Erfahrungsgemäss ist es oft sinnvoll, dass der Kunde ein neues Produkt in einer Art Basiskonfiguration bestellen kann, die ihm schnell und unkompliziert zur Verfügung gestellt wird. Die spezifische Anpassung auf die eigenen Bedürfnisse ist dann nicht Bestandteil des Bestellprozesses, sondern kann nachträglich über eine Serviceplattform vorgenommen werden. Dem Service Provider bietet sich dadurch auch die Möglichkeit, ein Freemium-Angebot zu lancieren, das in der Basiskonfi guration gratis ist und erst durch die Konfiguration des Kunden als Upgrade kostenpflichtig wird.

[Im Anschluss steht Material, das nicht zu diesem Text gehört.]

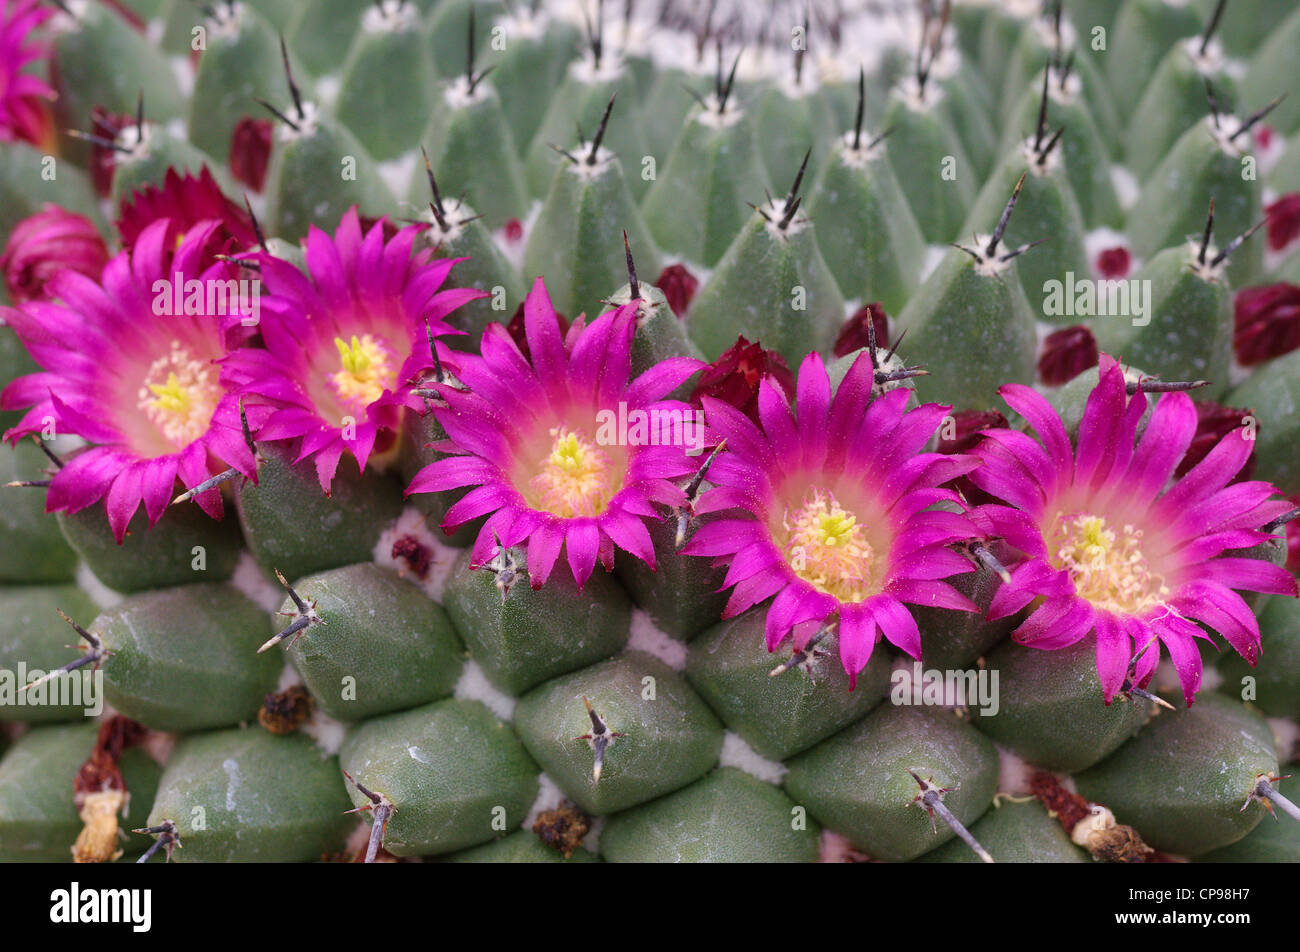 Cactus Mammillaria Mamillaria seitziana purple flowers close up Stock Photo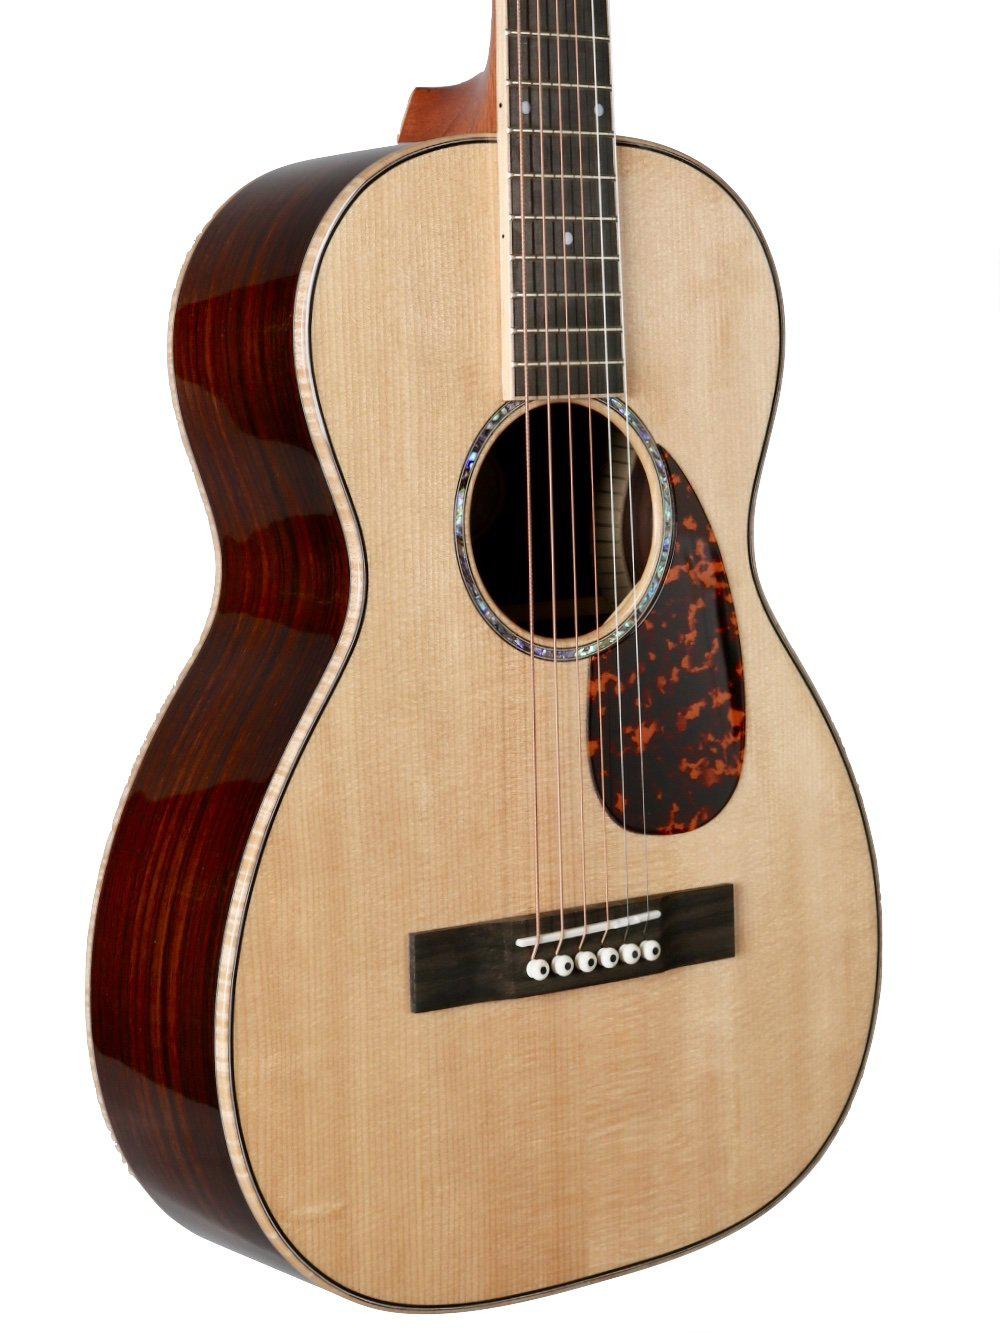 Larrivee P-09 Sitka Spruce / Indian Rosewood #133756 - Larrivee Guitars - Heartbreaker Guitars

4. Kontextbasierte Angebote

Kunden sind unberechenbarer geworden: Sie entscheiden schneller und sind weniger treu. Zu wissen, was der Kunde will, bedeutet heute insbesondere, seinen aktuellen Kontext zu kennen und darauf eingehen zu können. Denn wenn ich weiss, was mein Kunde in diesem Augenblick und Umfeld will und ich über einen Kanal verfüge, über den ich ihn jetzt erreichen kann, dann kann ich ihn vielleicht spontan dazu bringen, eine Dienstleistung von mir zu nutzen. Wenn er zustimmt, bekommt er augenblicklich eine Bestätigung und kann schon im nächsten Moment auf die gekaufte Leistung zugreifen. Alle Prozessschritte, die den Kaufprozess verzögern und so den Kunden vielleicht seine Entscheidung hinterfragen lassen, sollen im Hintergrund bzw. nachträglich stattfinden.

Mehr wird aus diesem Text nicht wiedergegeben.